In 2011, before the project started, trained surveyors collected agronomic and household baseline
data in the project region. The number of farms participating in the project grew from 145 in 2011 to
2212 in 2016, and the total area under organic farming from 115 ha to 2730 ha over the same period.
For the comparison of organic and conventional farming, field data were collected over five years
(June 2012 to April 2017) from a representative sample of organic and conventional farms in the
project area for main crops both in Kharif and Rabi seasons. To compare organic farming with the
prevailing practice in the same region, we randomly selected 11 of the 81 village clusters where the
organic basmati project was active. In the selected village clusters, we randomly selected a total of
approximately 80 organic and 80 conventional farms that cultivated basmati and/or coarse paddy
(clustered sample). Sample size varied slightly from year to year, due to changes in farmer availability
and resulting from a rigorous quality check of survey data (Table 1). Farmers who, over the years,
dropped out of the sample (conventional farmers who converted to organic farming, farmers who
stopped basmati or paddy farming altogether) were replaced by randomly selected farmers in order to
maintain the sample size. Due to delays in rains or provision of seeds, not all organic farmers were
eventually able to grow basmati in every year. From 2013 onwards, following the example of organic
farmers, some conventional farmers also grew basmati, for which they applied organic inputs only.
Table 1. Sample sizes of organic and conventional farms.
Sample Size
2012
2013
2014
2015
2016
Conventional
Organic
Conventional farms growing basmati
Organic farms growing basmati
Total conventional area in sample (ha)
Total organic area in sample (ha)
84
72
0
56
47.8
54.2
76
73
23
54
36.8
51.3
76
73
20
49
39.9
53.2
96
73
38
49
53.7
55.6
80
90
24
61
45.0
59.2
During each cropping cycle, trained surveyors visited the selected farms in regular intervals to
monitor and verify land use, input and harvest data kept or recalled by the farmers. To get accurate
per-hectare data, for all major crops, the area of one plot per farm was measured, and all inputs and
harvests were recorded for that specific plot. Gross margins were calculated as yields into prices minus
direct costs for inputs and hired labor. The cost of family own labor was not taken into consideration,
since it would have been very difficult to get reliable data. Processed data were shared with the
participating farmers both in individual and aggregated form at the end of the study period.

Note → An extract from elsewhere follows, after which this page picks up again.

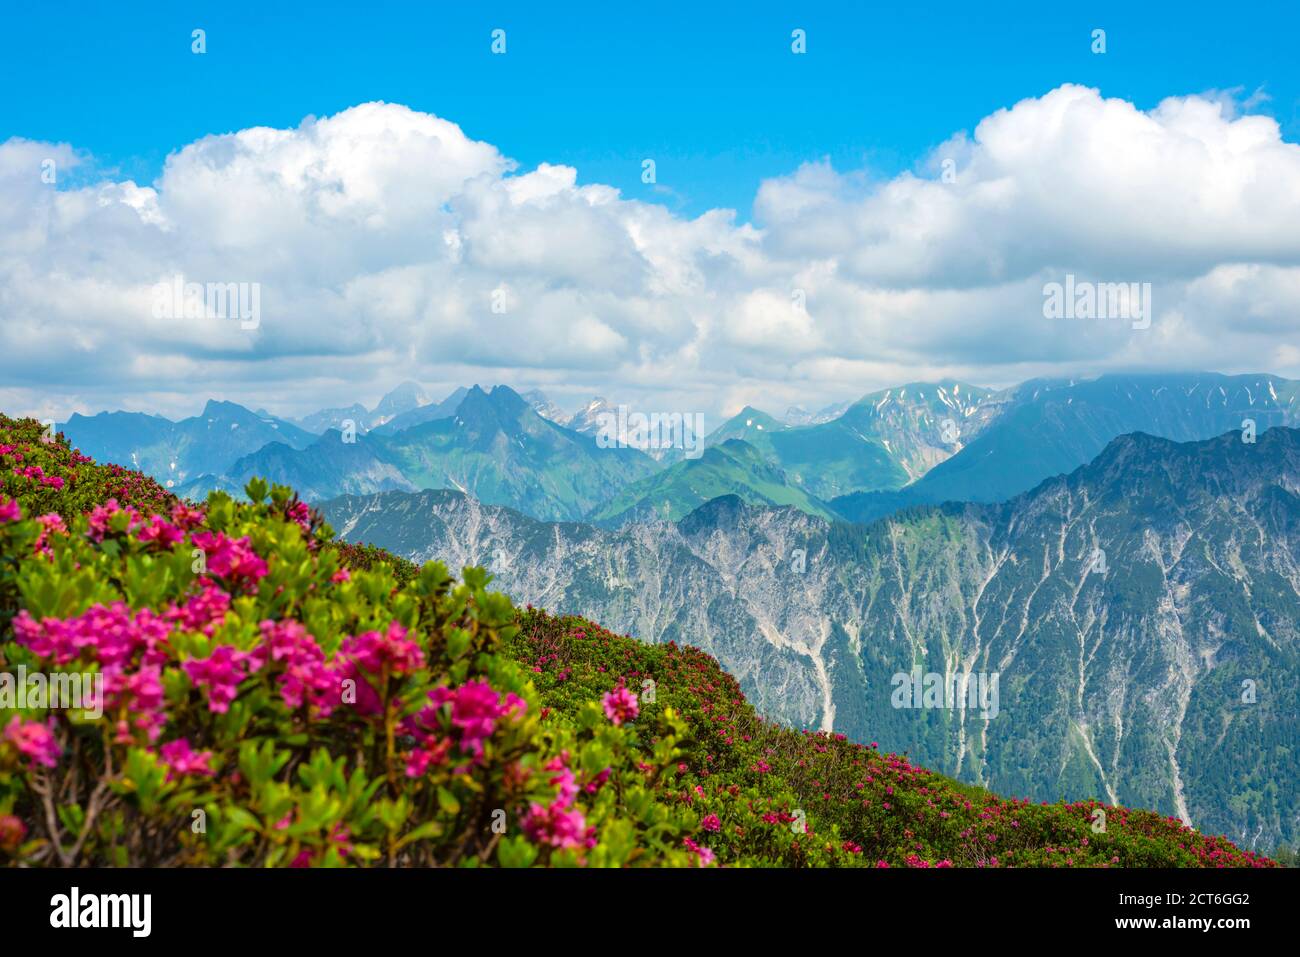 Alpenrosenblüte, Panorama vom Fellhorn, 2038m, zur Höfats, 2259m, und weitere Allgäuer Berge, Allgäuer Alpen, Allgäu, Bayern, Deutschland, Europa Stock Photo
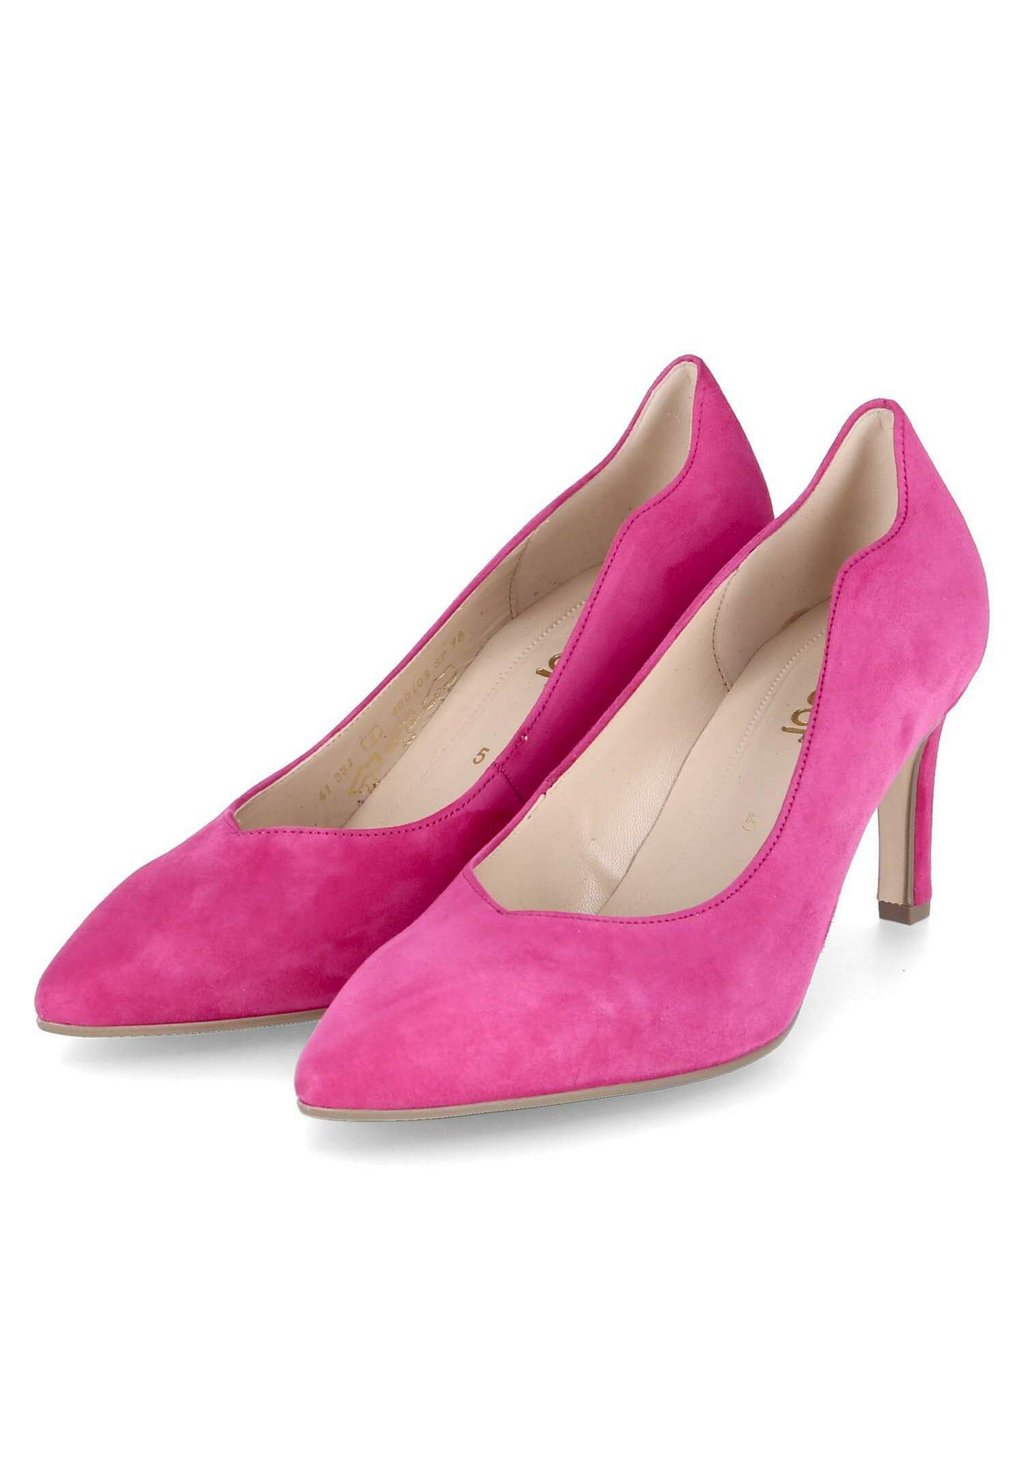 Туфли на высоком каблуке Gabor, цвет pink туфли на высоком каблуке marco tozzi цвет hot pink

In 2013 and 2014, data were also collected for additional Kharif crops in order to better understand
the relative profitability of basmati cultivation. In 2014 and 2016, household income data were
collected from the sample in order to get a better understanding on the relevance of crop revenues
for overall household income. The information obtained from these data is used as reference in
the discussion chapter. Additionally, two masters students at Wageningen University conducted
semi-structured interviews in April and May 2017 with 51 organic farmers, 28 conventional farmers,
representatives of the producer organization, local governments, traders, processors and facilitating
NGOs. The interviews were based on questionnaires that included three different types of questions:
Likert scale [17], open-end and closed-end questions [18]. Results from these interviews are used as
background information in the discussion chapter.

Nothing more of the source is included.